» WHAT YOU WILL DO: Would you transcribe the listing that follows word for word, skipping pictures?

» DATA EXTRACT:
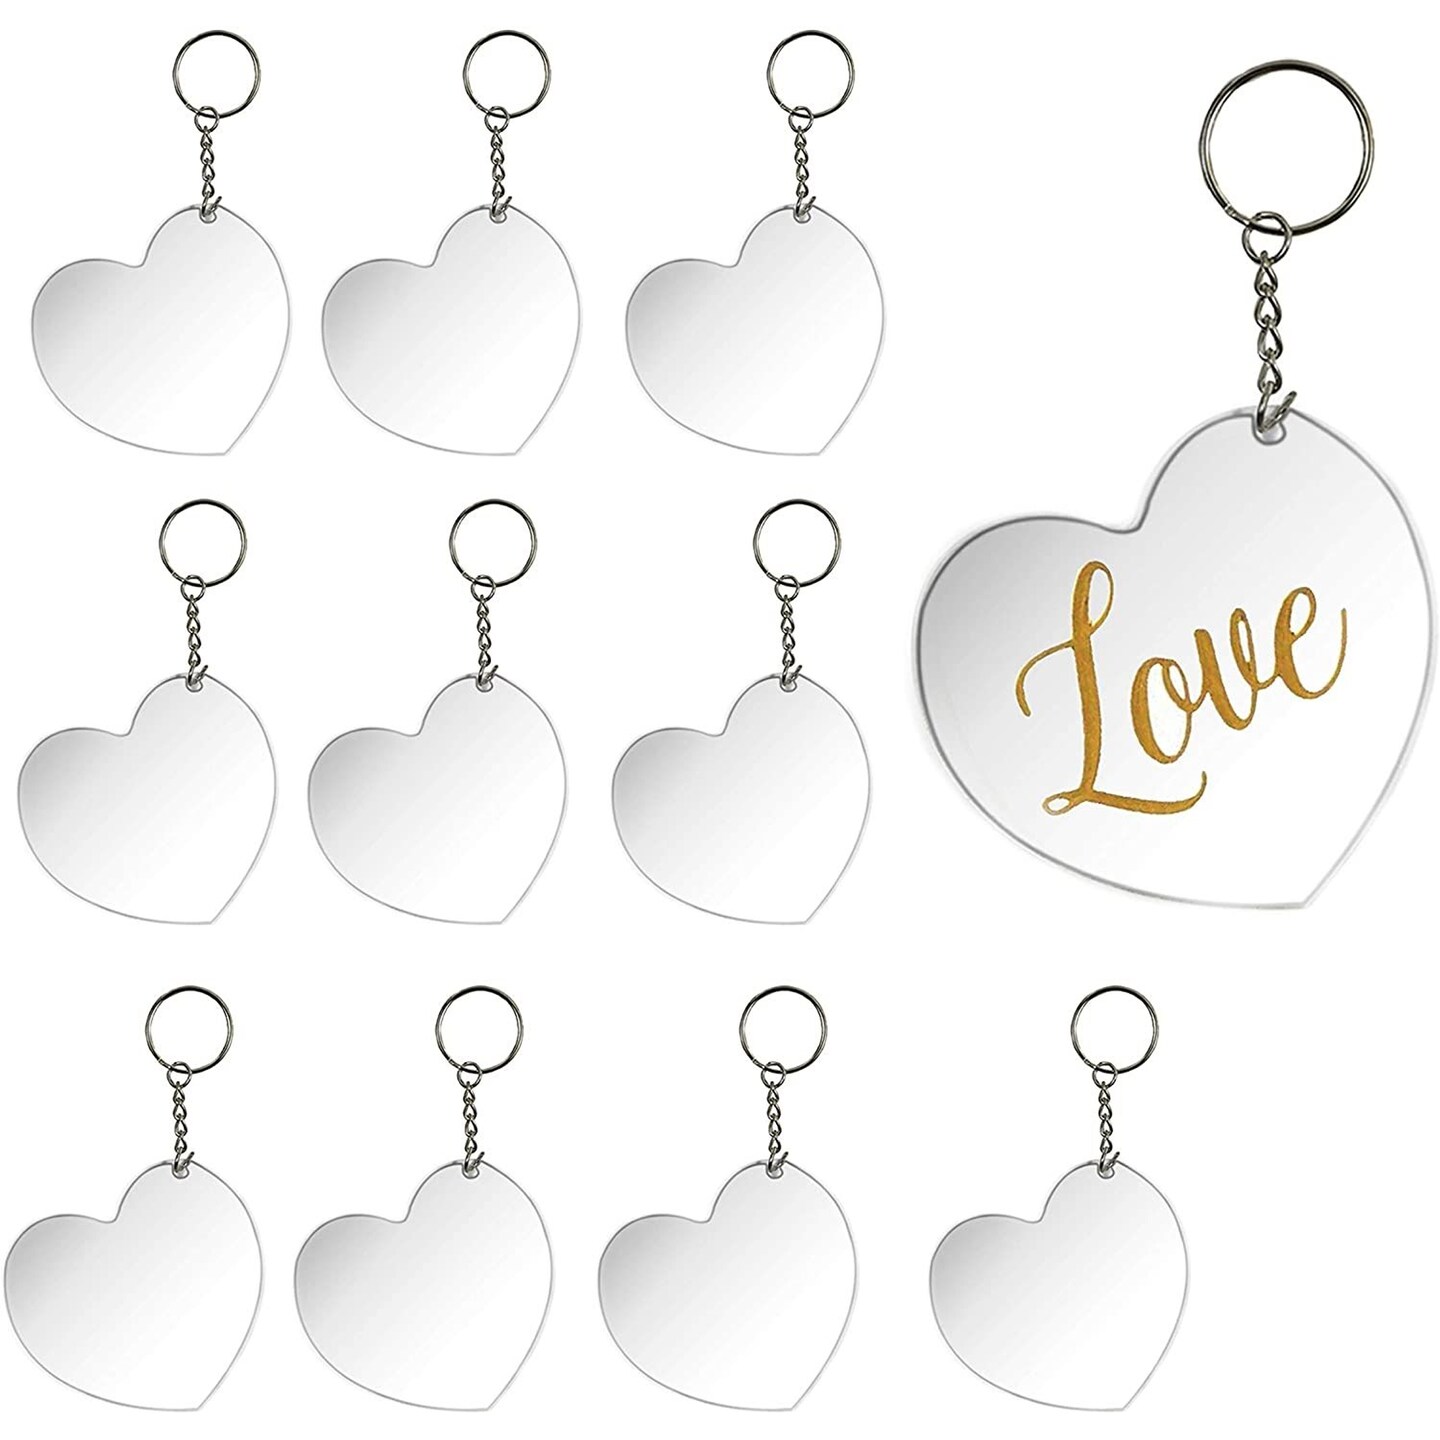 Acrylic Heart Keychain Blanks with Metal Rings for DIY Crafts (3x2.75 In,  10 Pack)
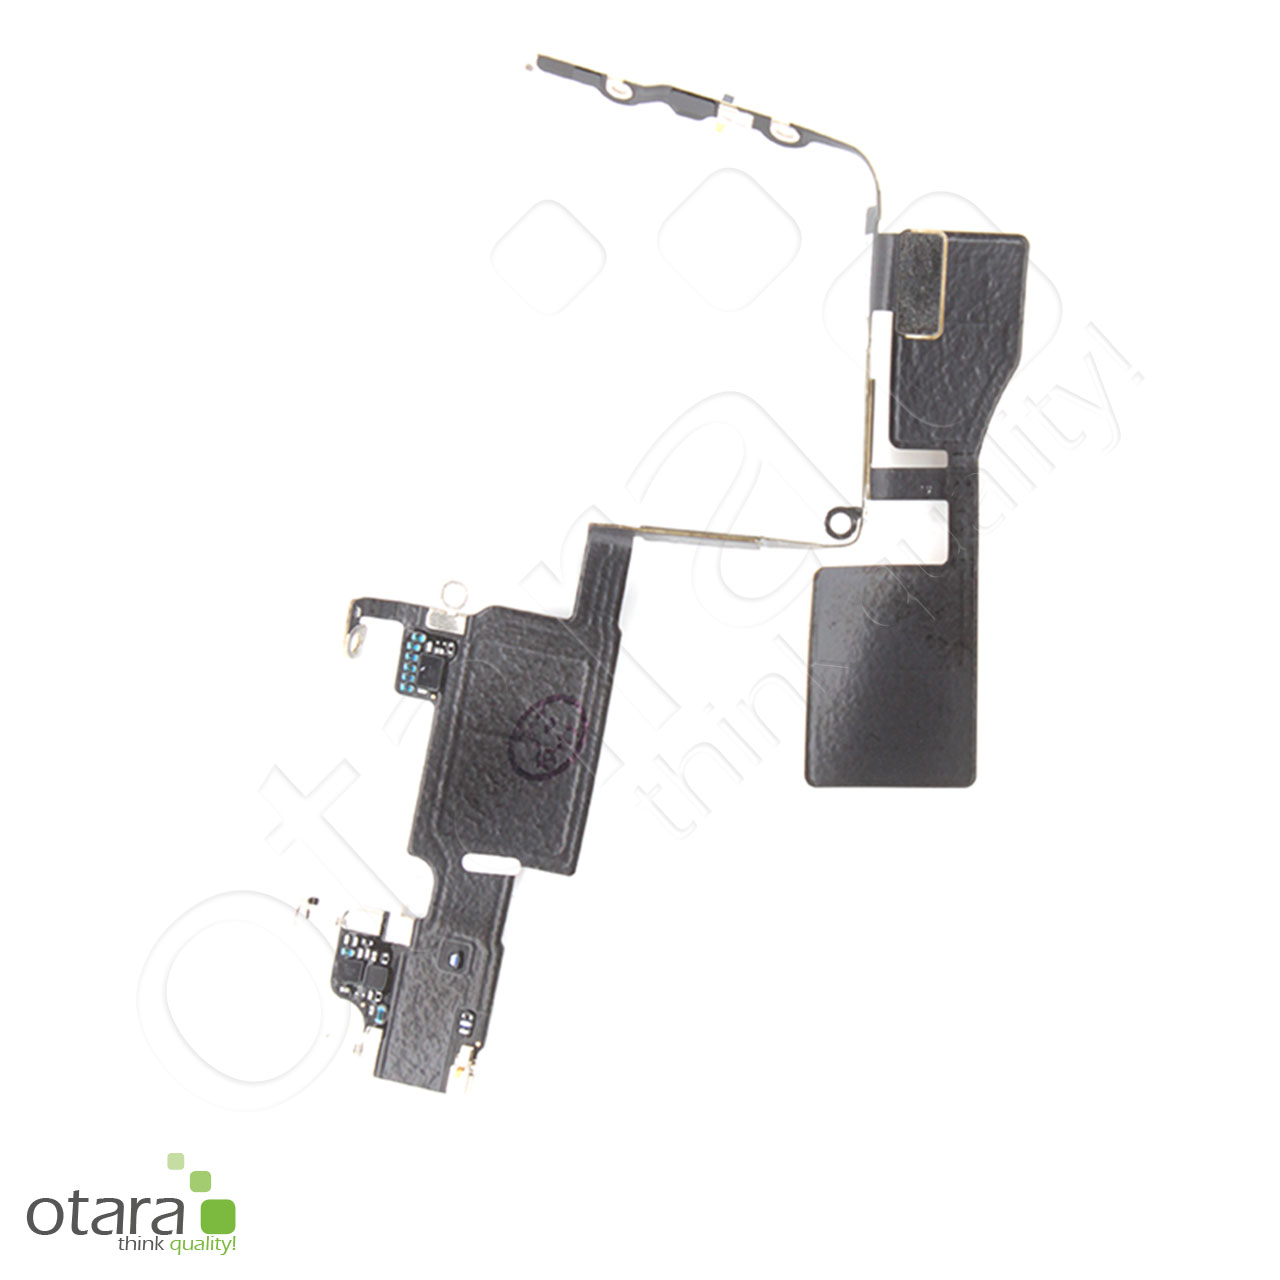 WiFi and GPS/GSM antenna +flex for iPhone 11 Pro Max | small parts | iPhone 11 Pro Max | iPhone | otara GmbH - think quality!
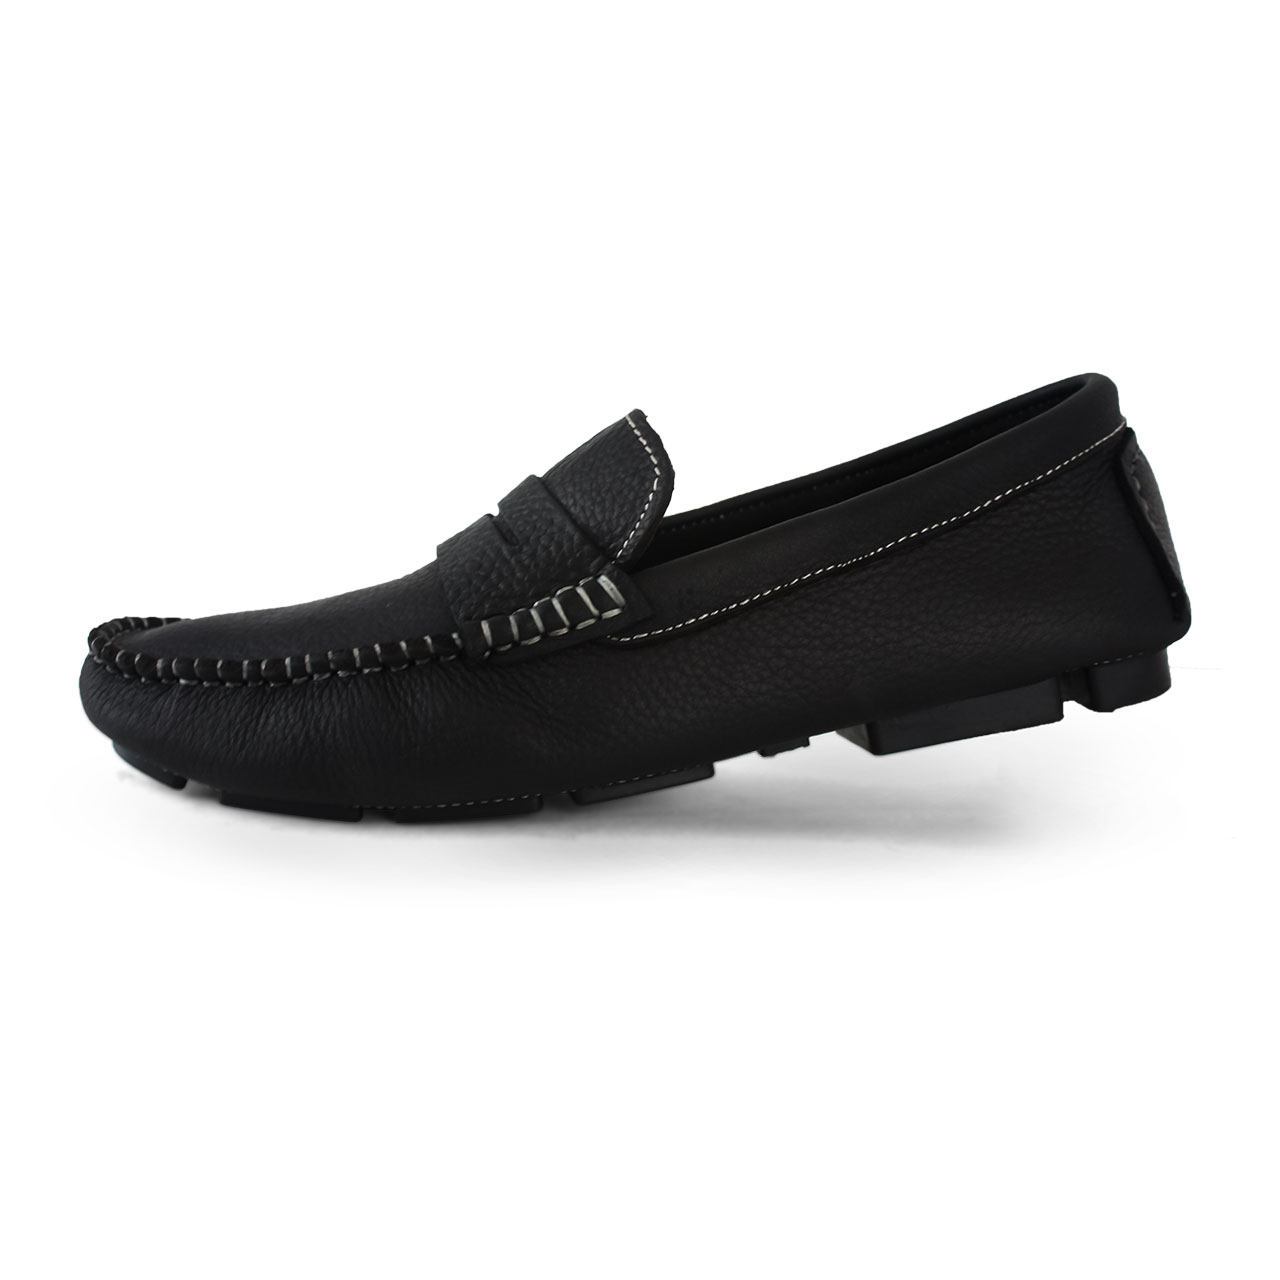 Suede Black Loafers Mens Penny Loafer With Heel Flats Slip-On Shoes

» SOLVED PROBLEM:
 Acrylic Heart Keychain Blanks with Metal Rings for DIY Crafts (3x2.75 In,  10 Pack)
 WiFi and GPS/GSM antenna +flex for iPhone 11 Pro Max | small parts | iPhone 11 Pro Max | iPhone | otara GmbH - think quality!
 Suede Black Loafers Mens Penny Loafer With Heel Flats Slip-On Shoes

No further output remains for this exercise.